‘Permanent’ work from home jobs on the rise

Work-from-home job ads, including those offering “permanent” work from home (WFH), have almost doubled over the past nine months, with indicators the rise is continuing post-lockdown, new data shows.Research from data analytics firm The Purpose Bureau found job ads offering temporary and permanent WFH options had increased 95 per cent from March 1 to December 31, 2021.

Firms less than two years old, which tend to recruit far more than their small share of the economy would suggest, were also 41 per cent more likely to offer remote working than mature firms.

The research used natural language processing to analyse online hiring activity, and, while not always able to distinguish temporary from permanent WFH offers, Purpose Bureau CEO Nick Kamper said it was clear that permanent remote working had become a feature of the employment landscape.

“We are seeing a substantial rise in firms offering WFH as a permanent fixture, particularly by younger firms under two years old,” he said.

Professional services had the highest proportion of WFH offers, making 798 offers every 10,000 ads, followed by administrative jobs (628) and media and technology (590).

One IT consultancy in the Brisbane CBD advertised recently that a senior developer job was “100 per cent WFH” while another in Sydney offered a permanent role with a hybrid work model.

An ad this week for a civil design engineer in Sydney also pitched a “flexible, trust-based culture where people WFH regularly”.

 work from home chart
 

The ads increased from 290 per 10,000 job ads in March to a peak of 574 in September, when Victoria and NSW were in lockdown. While dropping slightly since then, numbers were still at 565 by the end of the year.

“The proportion of job ads that included a work from home provision has remained elevated even after the harshest restrictions were lifted in NSW and Victoria,” Mr Kamper said.

“We are expecting it to hang on. It will drop a bit, it’s just inevitable. But there will be a structural increase in temporary and fixed remote working.”

Mr Kamper said that it was noticeable that firms aged two years or less had far more WFH offers than firms five years or older, with 589 offers per 10,000 job ads compared to 489 per 10,000 respectively.

“Younger firms are tomorrow’s firms. In a year or two years time, as those firms mature, if we see the same trend, we’re going to see them do it even more,” he said.

This could have broader effects on the economy, including for rents and prices for commercial leases, he said.
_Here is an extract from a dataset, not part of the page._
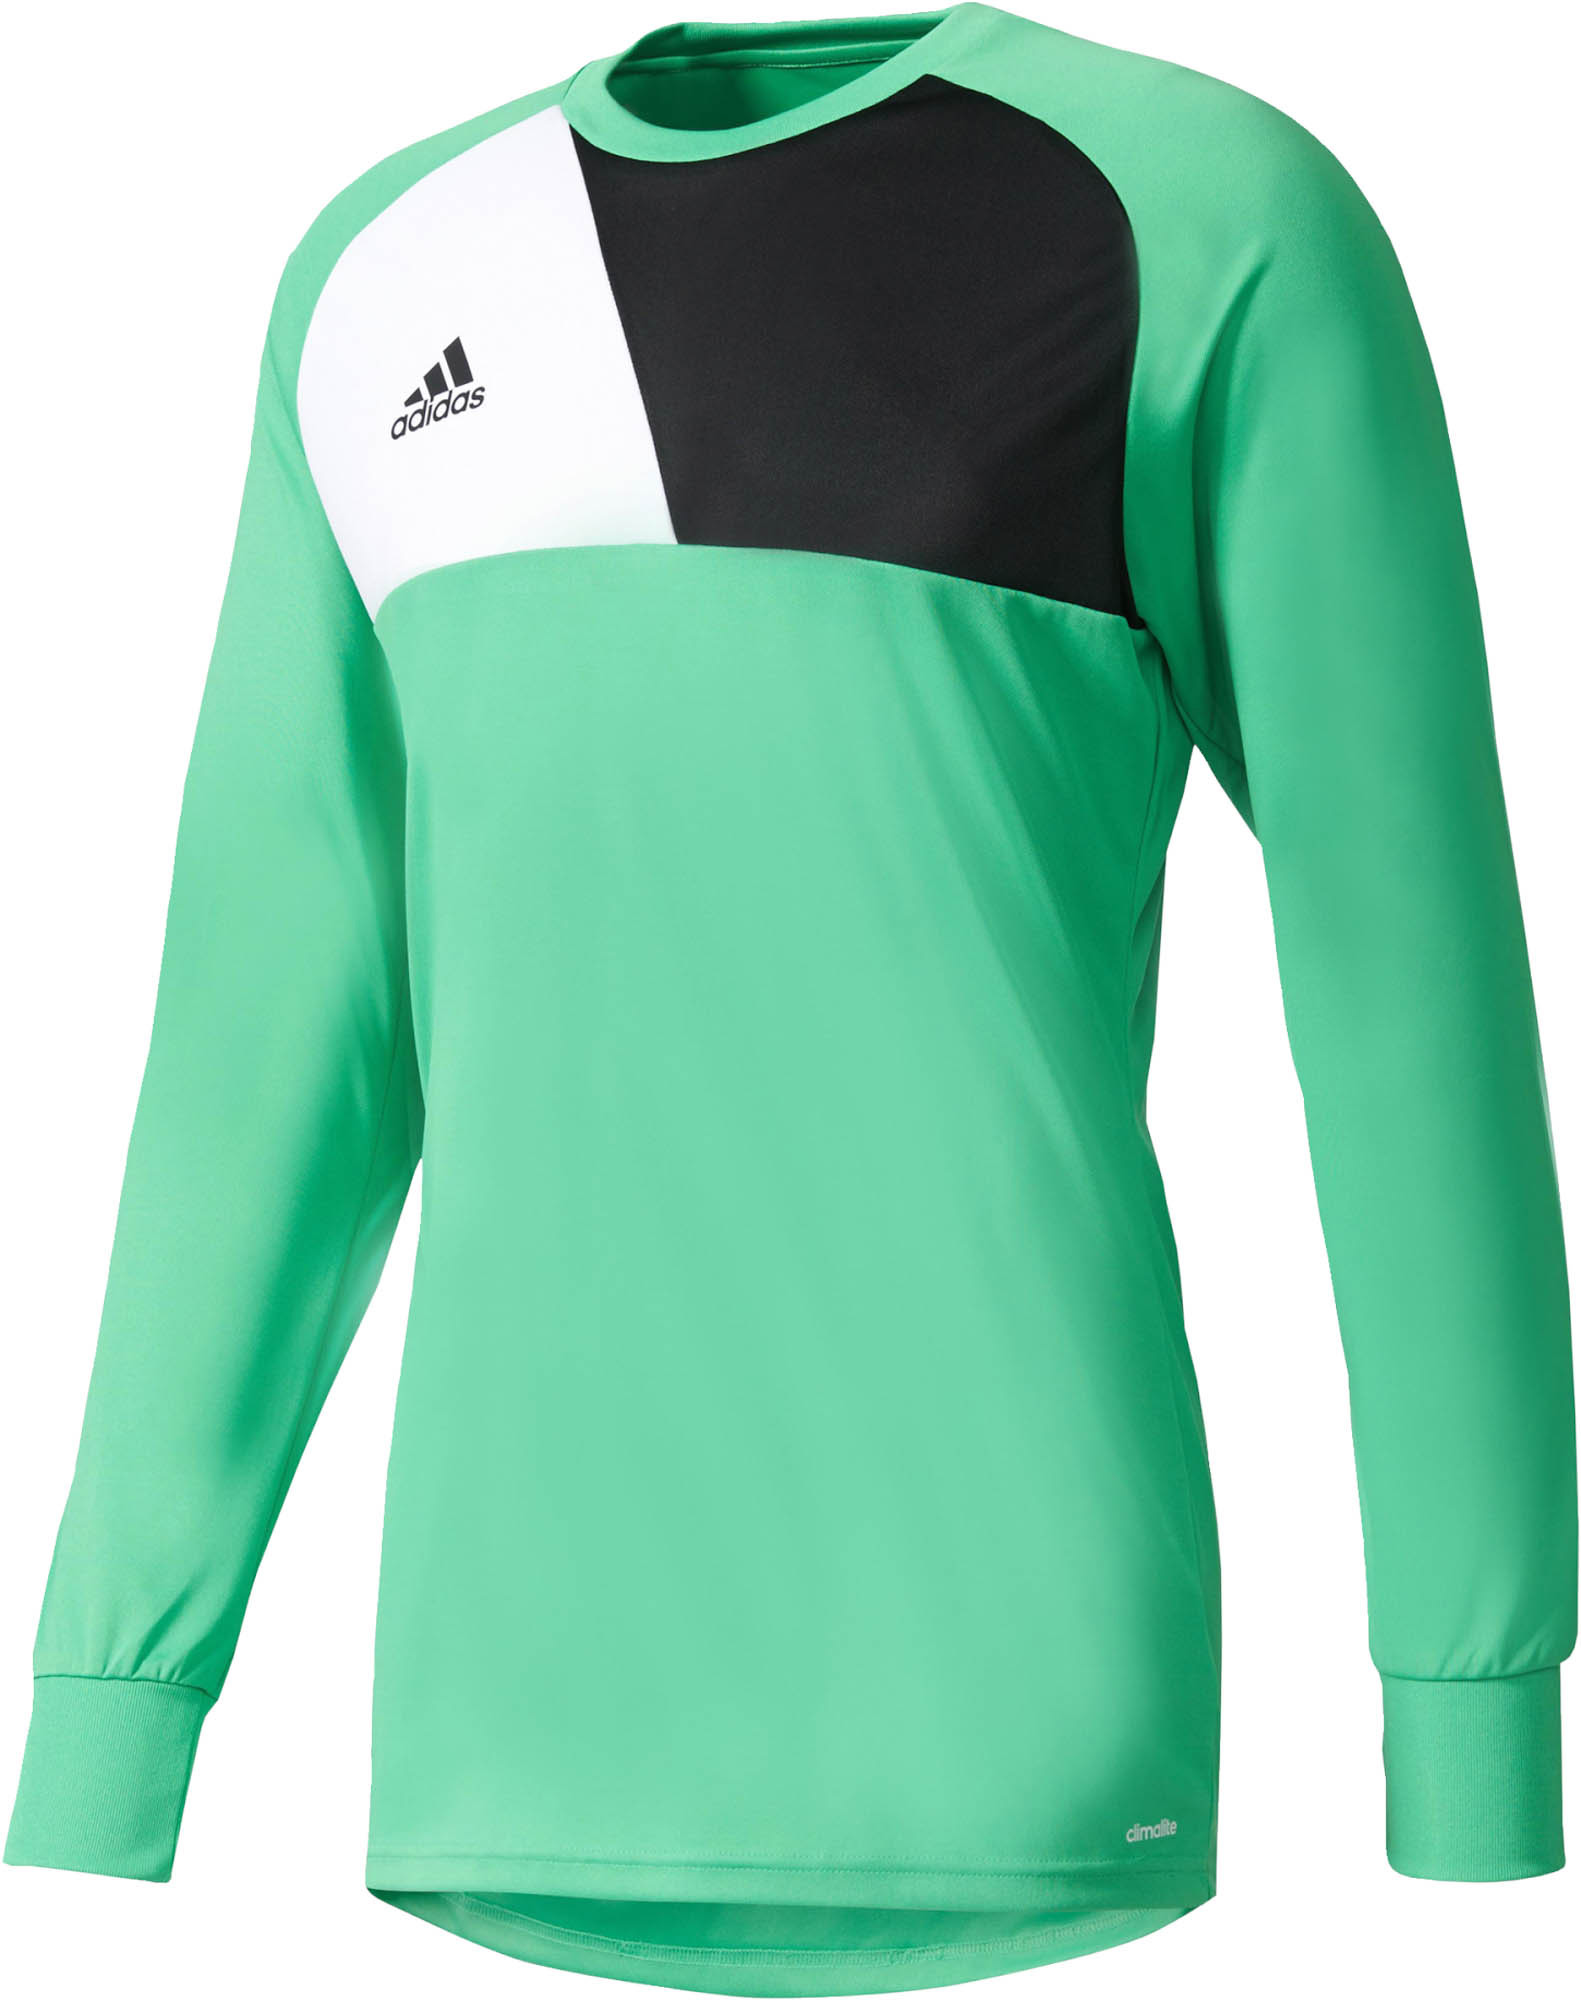 adidas Assita 17 Goalie Jersey- Green Goalkeeper Jersey

Firms with above-average ratings from online employee reviews were almost three times as likely to offer WFH arrangements compared to those with a low rating.

Australian Human Resources Institute chief executive Sarah McCann-Bartlett said the data correlated with the Institute’s informal surveys of members, which showed part of the reason employees were leaving in recent months was because their firms did not offer WFH.
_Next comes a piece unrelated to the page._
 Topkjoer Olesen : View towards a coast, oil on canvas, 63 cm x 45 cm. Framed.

“Voluntary turnover is increasing month by month and employers understand that they need to be providing the flexibility that employees are demanding,” she said.

She said before the omicron outbreak employers had been expecting to introduce regular WFH arrangements in 2022 as part of a hybrid model that included some time in the office.

“That has been put on hold in some states, but employers were trialling those new models as a permanent feature, knowing that there would have to be tweaks as we found out what the right balance was.